Heading up the team - Sandor Kocsis

Heading up the team – Sandor Kocsis

Ending An Era – One For The Road
From September 1954 until the end of 1955, Hungary played 19 games, winning 16 matches and drawing three others. This was part of a six year run where they only lost once in 52 games. Then starting with their inaugural match in 1956 they hit a shockingly bad streak. First, they played poorly in a 3-1 road loss to Turkey. In their next match at home they tied Yugoslavia. The decline continued when they suffered their first home loss in an international match since 1943 as they were soundly defeated by Czechoslovakia 4-2. A couple of weeks later they traveled to Belgium where they would attempt to break a losing streak, something none of the Hungarian players had ever experienced playing for the national team. They raced out to a 3-1 lead, only to collapse in the second half, allowing four goals and losing 5-4. Changes would now have to be made. Blame focused on the coach, Gusztav Sebesz. For years he had been hailed as a footballing genius, a master of tactics, who had built the most brilliant team in football history. Ever since the World Cup loss, Sebes had become increasingly suspect in the eyes of the communist government. Following the loss to Belgium, he was relieved of his duties. Sebes would never again be allowed to manage the national team. The end of an era was close at hand.

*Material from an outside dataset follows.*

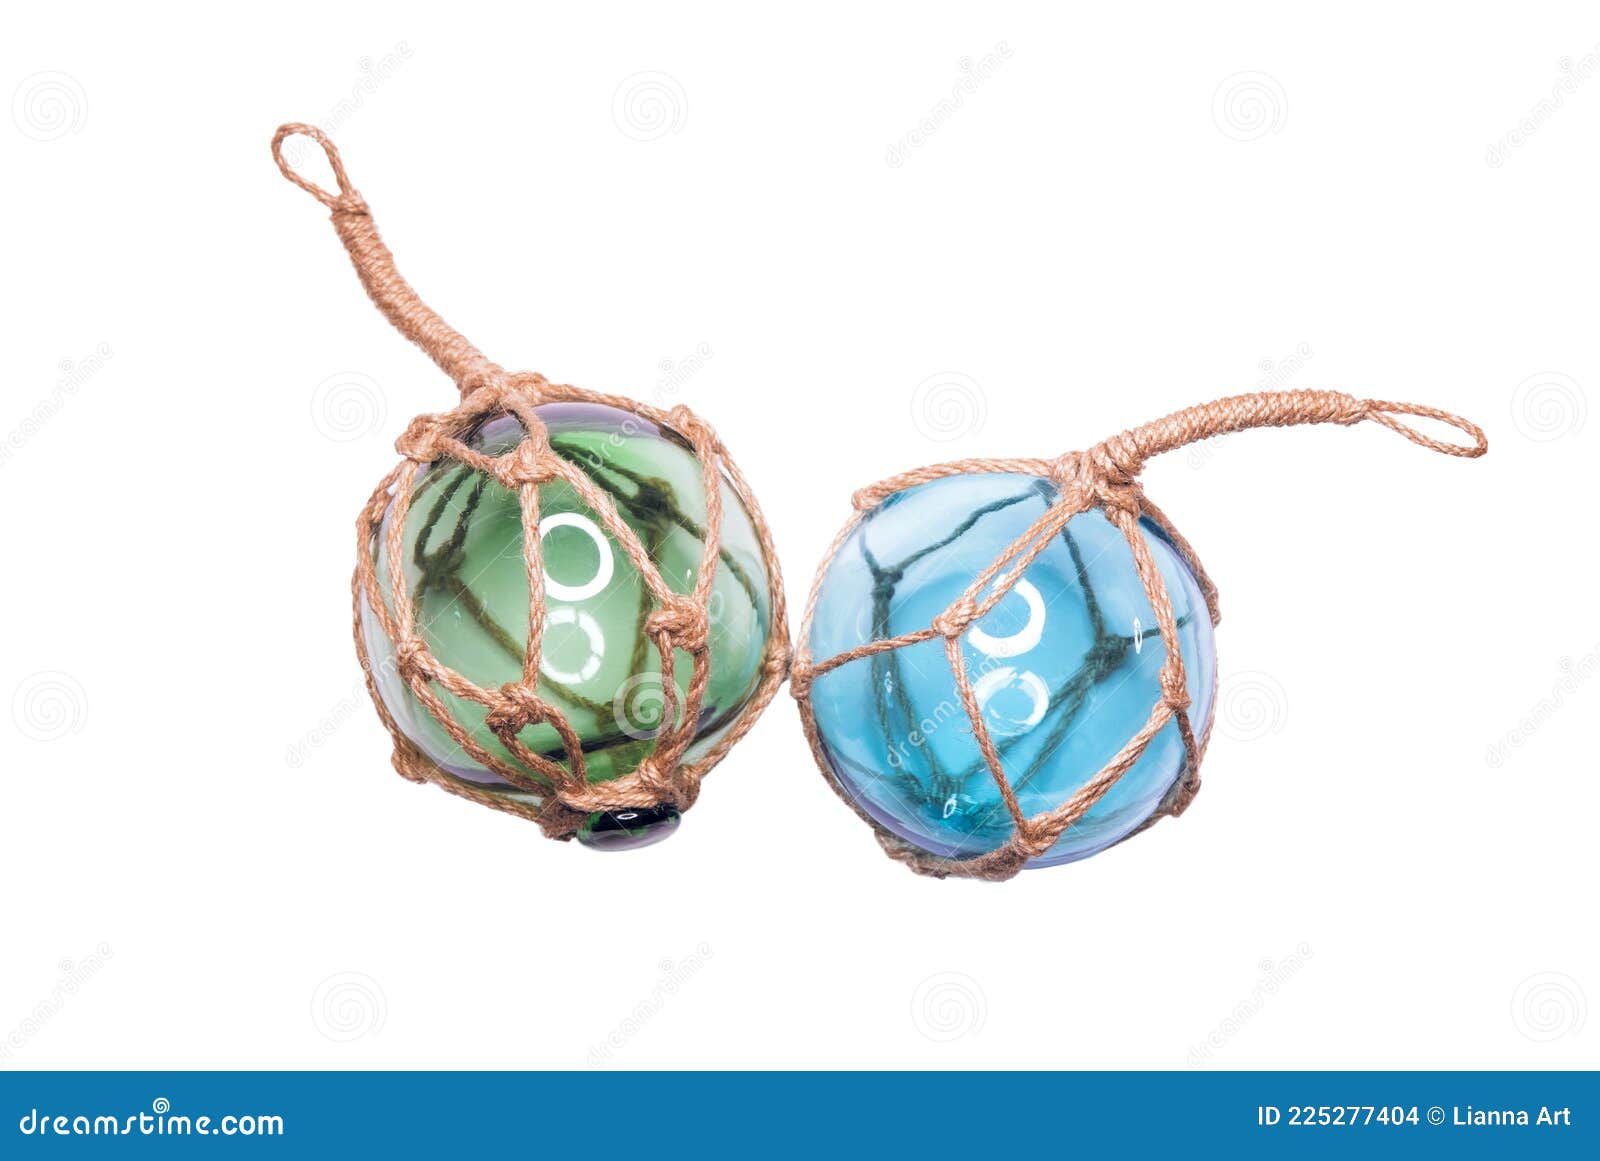 Glass Fishing Round Buoys. Two Glass Spheres with Ropes Isolated

The domestic situation in Hungary began to resemble the national team’s collapse. The Soviets removed the hardline Hungarian dictator Matyas Rakosi from power. Stalinist-era purges were denounced and victims were rehabilitated. This thaw unleashed pent up frustration about the country’s direction under the communist regime. Once the edifice of stability had cracked, it was not long before it began to crumble. The country was headed toward revolution. The Hungarian national football team dramatically inserted itself into this fraught situation when on September 23, 1956 they played the Soviet Union at Lenin Central Stadium in Moscow. The Soviets had never lost an international match at home. The 102,000 spectators on hand fully expected to witness another triumph by a team that was seen as an icon of what the Soviet system could produce. The Hungarians were seen as well past their prime, even though all the old war horses – Bozsik, Czibor, Grosics, Hidegkuti, Kocsis and Puskas – were still playing in the match. In the 16th minute, Czibor scored the lone goal of the game. It was an incredible upset in the backyard of worldwide communist officialdom.

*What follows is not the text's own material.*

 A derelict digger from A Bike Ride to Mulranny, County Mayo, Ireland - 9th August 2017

The revolution to come in Hungary - autumn 1956

The revolution to come in Hungary – autumn 1956

Anything Is Possible – On The Edge Of Revolution
The Hungarians had conjured another remarkable victory. At the same time they helped stoke a patriotic fervor sweeping across the nation in what would be the final month before the Hungarian Revolution of 1956. The nation’s pride swelled as anything seemed possible. Their football team had defeated the best squad the Soviets had ever assembled. Once again it seemed that nothing could stop these Magical Magyars. That was until the outbreak of a revolution that would change Hungary and the Hungarian national football team forever.

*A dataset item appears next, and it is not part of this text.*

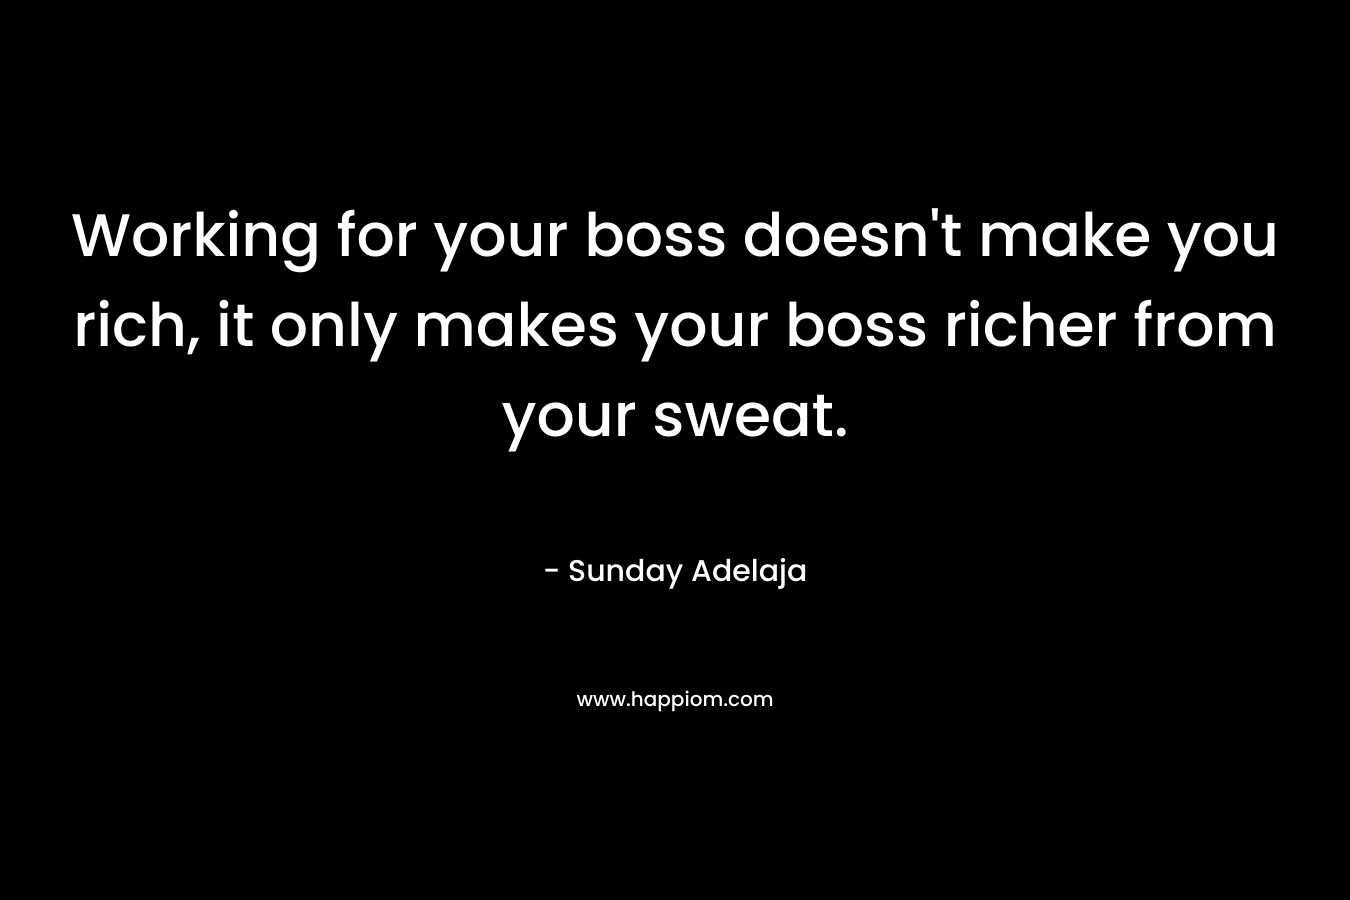 Working for your boss doesn't make you rich, it only makes your boss richer from your sweat.

The Road From Revolution – Hungarian Football Exiled Abroad

One of the great achievements in European football took place before 127,000 spectators at Hampden Park in Glasgow, Scotland on May 18, 1960. The European Cup Final was played that Wednesday afternoon with the Spanish club of Real Madrid facing Eintracht Frankfurt of West Germany. Real had come back from an early deficit to take a 2-1 lead, but with the first half almost at an end the game was still a toss-up. Then Ferenc Puskas, the prolific forward so often associated with the glory days of Hungarian Football during the 1950’s, scored the first in what would be a barrage of goals. He single-handedly stretched Real’s lead from 2-1 to 6-1 by scoring four goals over a period of 27 minutes. Such a one man offensive assault has never been seen again in a European Cup Final.

Ferenc Puskas - star striker for Real Madrid

Ferenc Puskas – star striker for Real Madrid

At the time of the match, Puskas was 33 years old. He had been exiled from his homeland for over three years and many thought to be well past his prime. Then in less than half an hour of match time he had reminded everyone of the superb power and precision of his left foot shot, one of the best in football history.  “The Galloping Major” as Puskas had been known while playing for the army sponsored club of Honved in Budapest for years, galloped off to Spain after the 1956 Hungarian Revolution, a move that revitalized his career. He was one of several Hungarian players who just a few years before had been part of the famous Magical Magyar team of the 1950’s. This team had revolutionized the game of football with their training, tactics and innovation of an early form of Total Football. Ironically, another revolution, one based not on sport, but that of politics cast much of the team adrift, ending the golden age of Hungarian football forever.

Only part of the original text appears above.